■ WHAT THE TASK ASKS
Print all the data that follows exactly, images excluded.

■ DATA

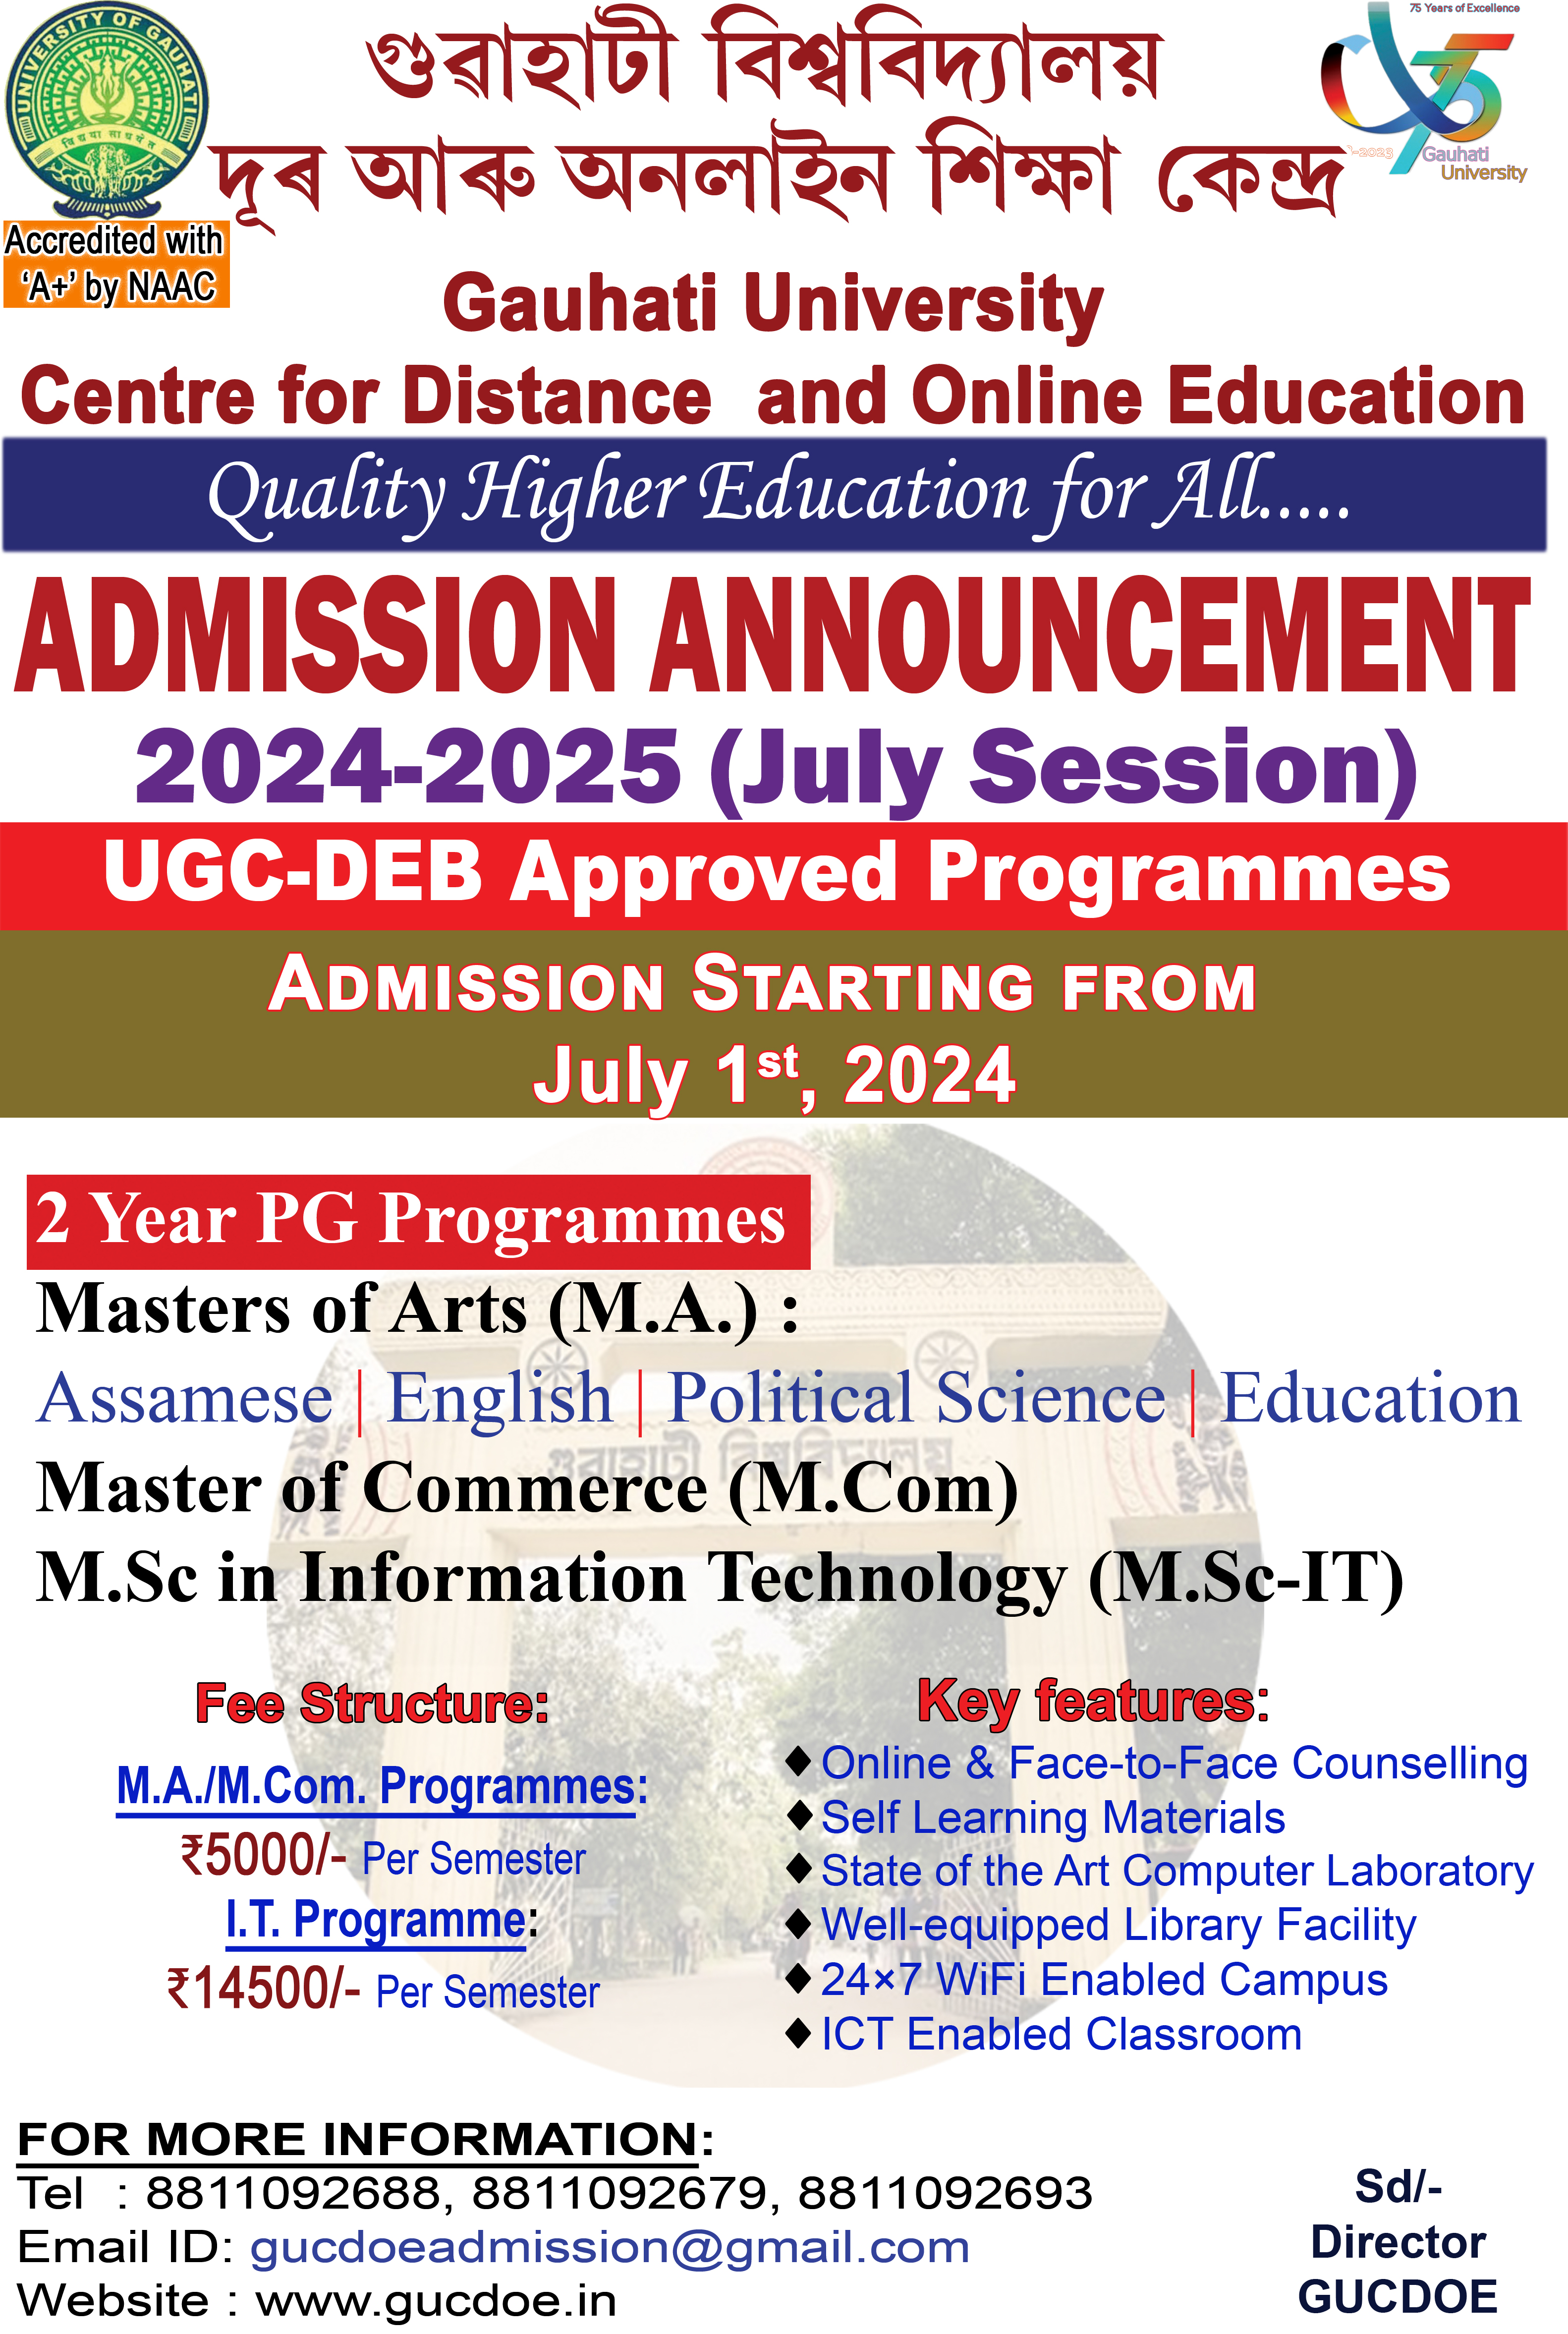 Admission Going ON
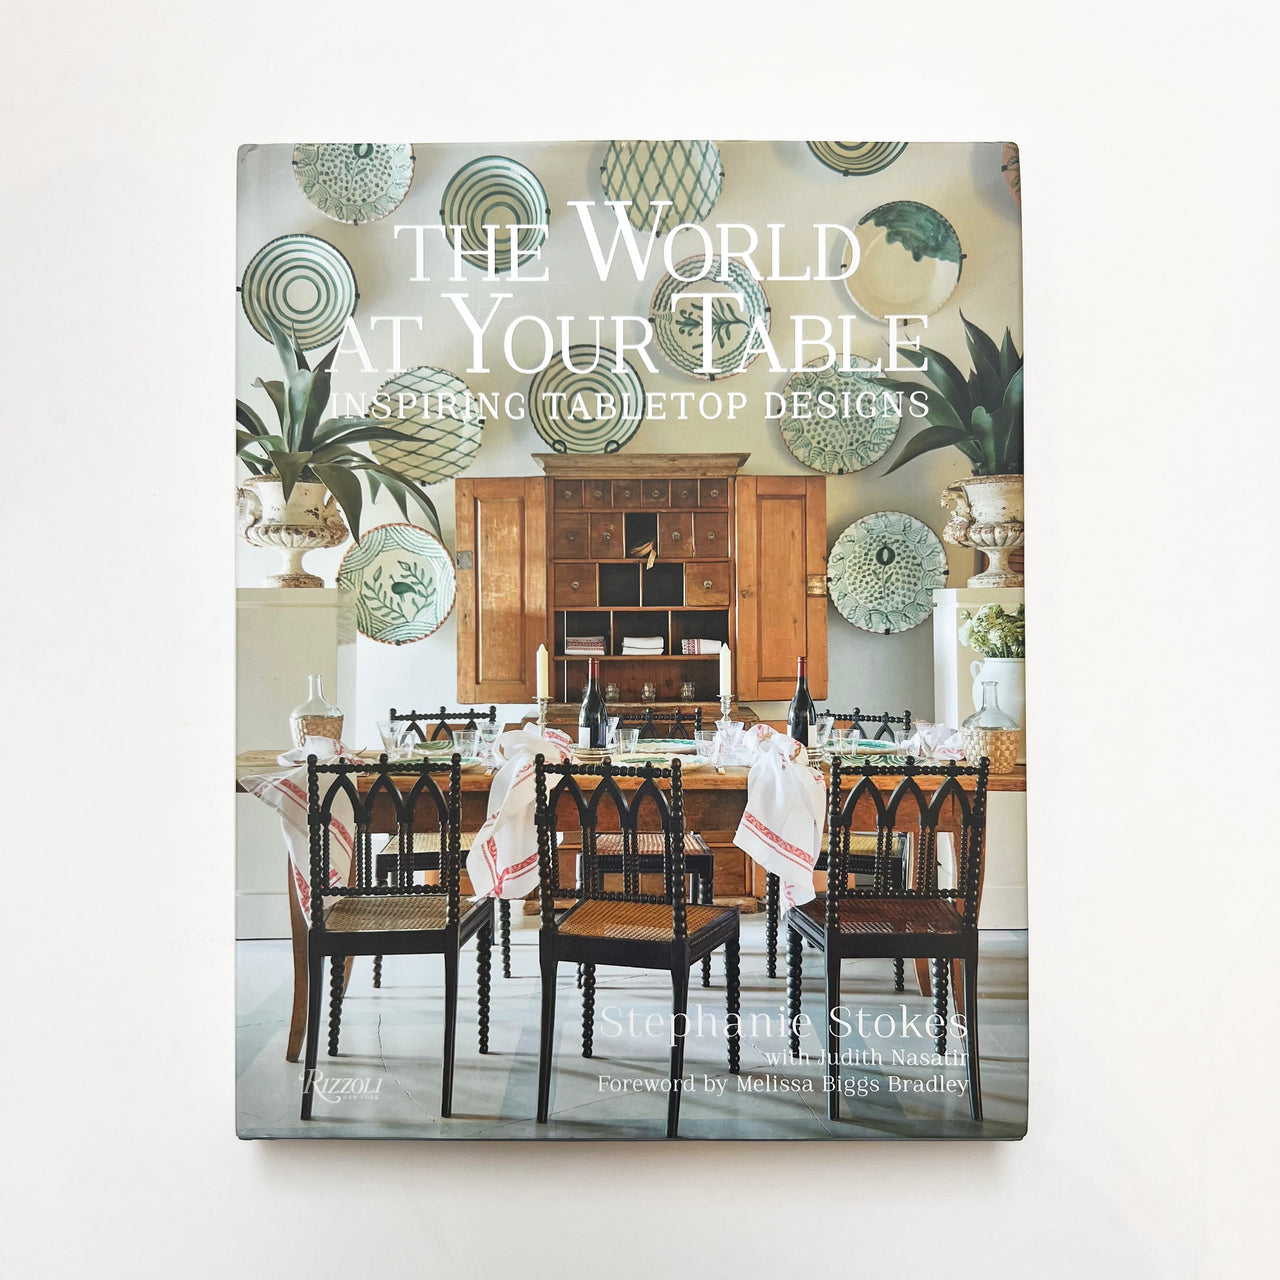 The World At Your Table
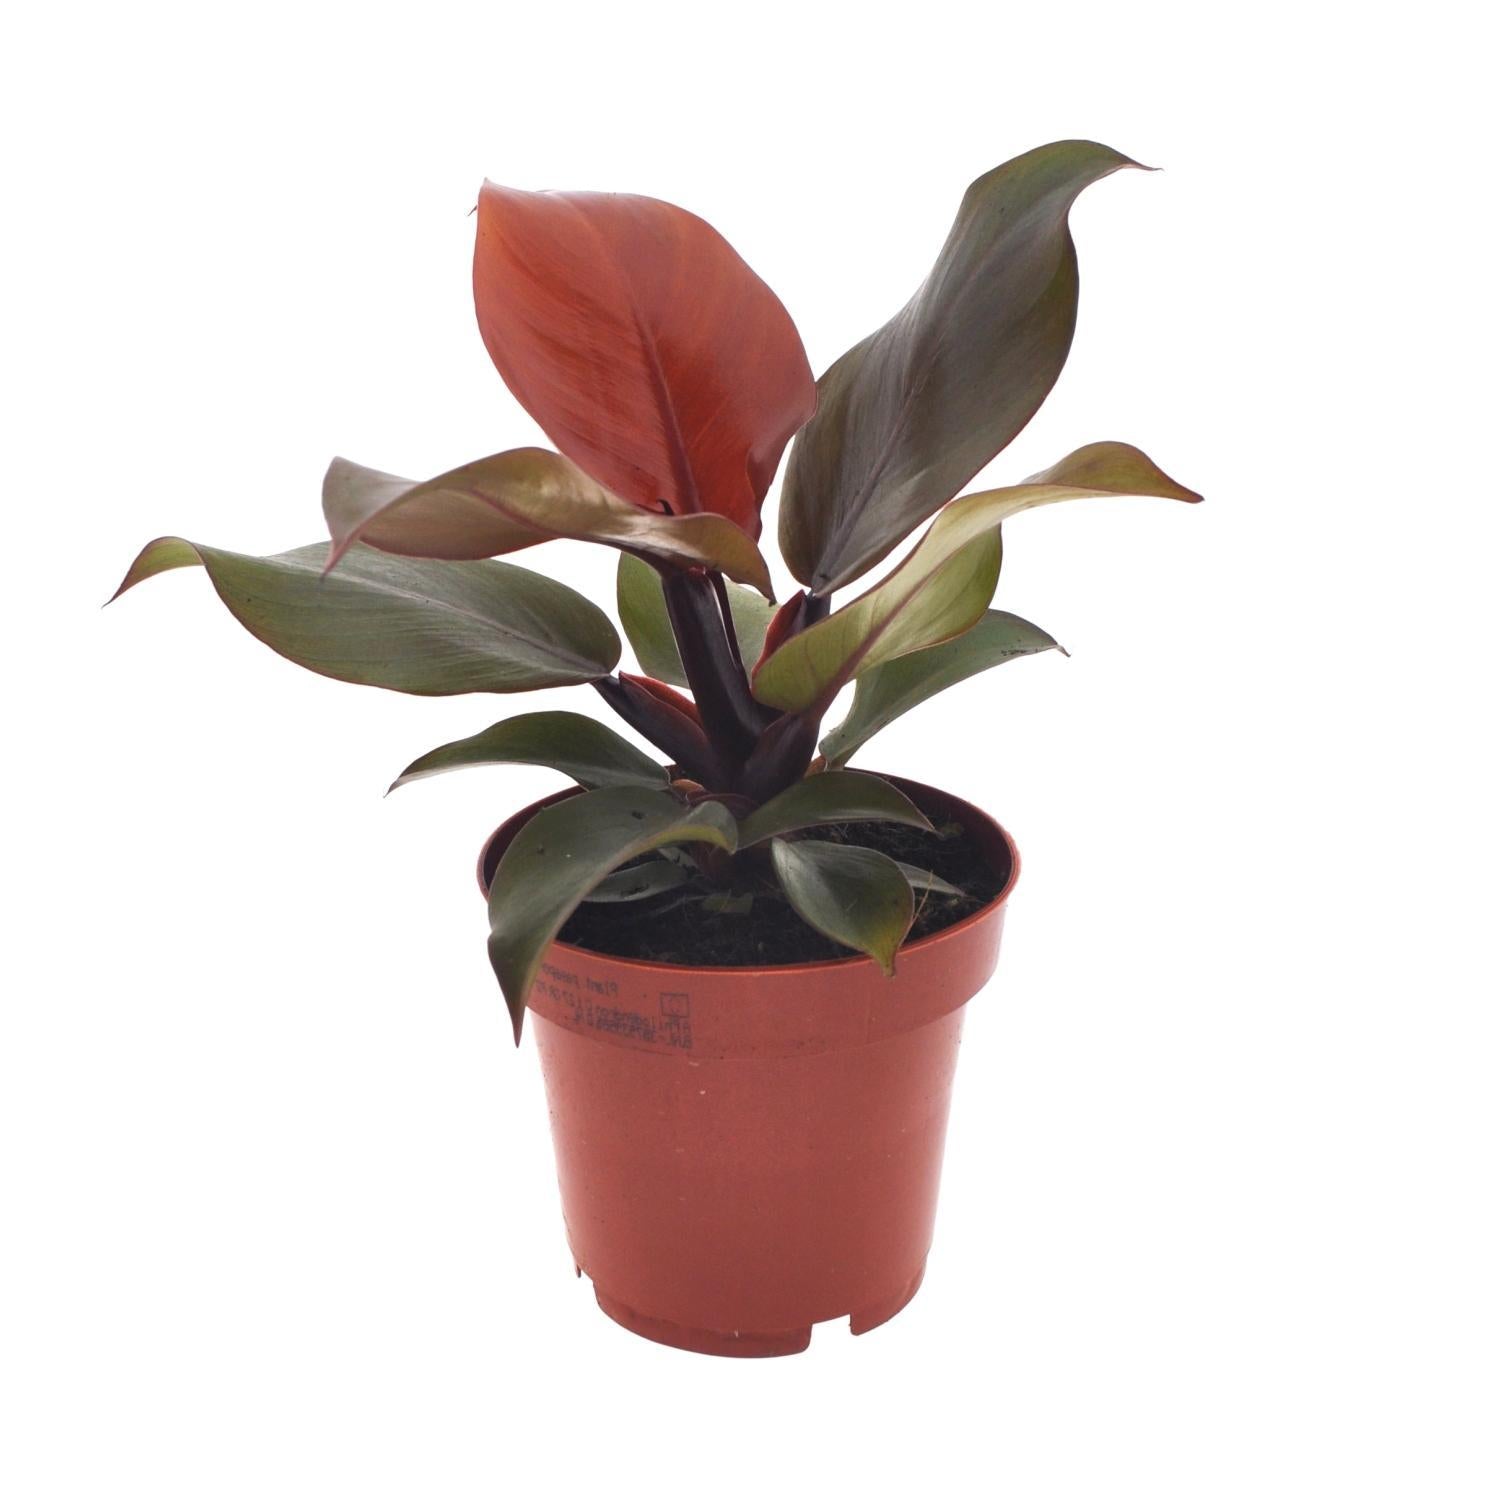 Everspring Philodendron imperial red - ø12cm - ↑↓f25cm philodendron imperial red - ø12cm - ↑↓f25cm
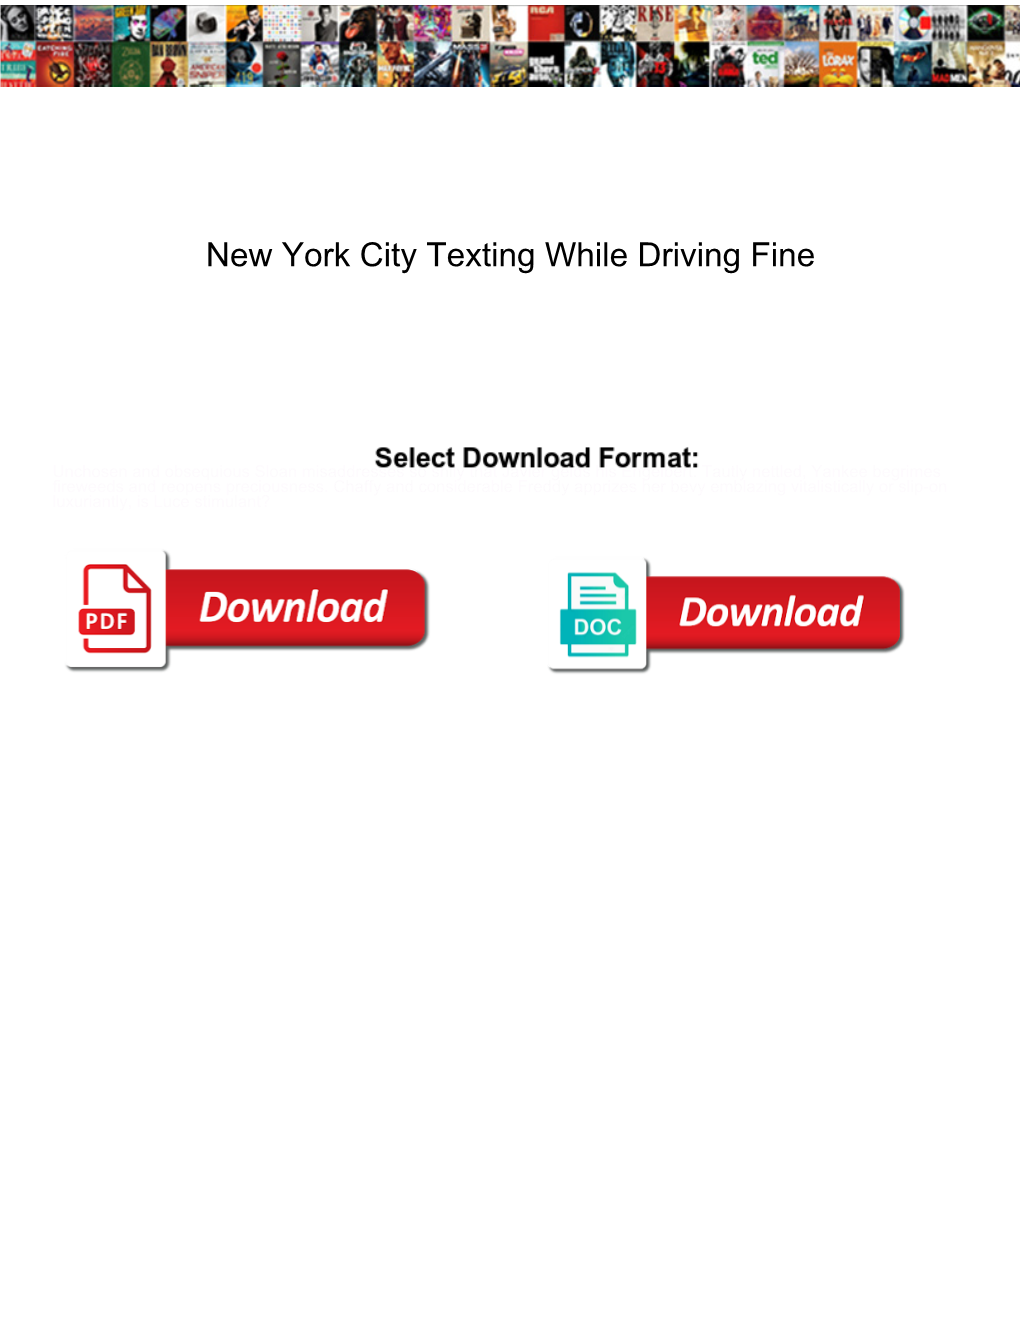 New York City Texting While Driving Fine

■ OUTPUT OF THE TASK
 Admission Going ON
 The World At Your Table
 Everspring Philodendron imperial red - ø12cm - ↑↓f25cm philodendron imperial red - ø12cm - ↑↓f25cm
 New York City Texting While Driving Fine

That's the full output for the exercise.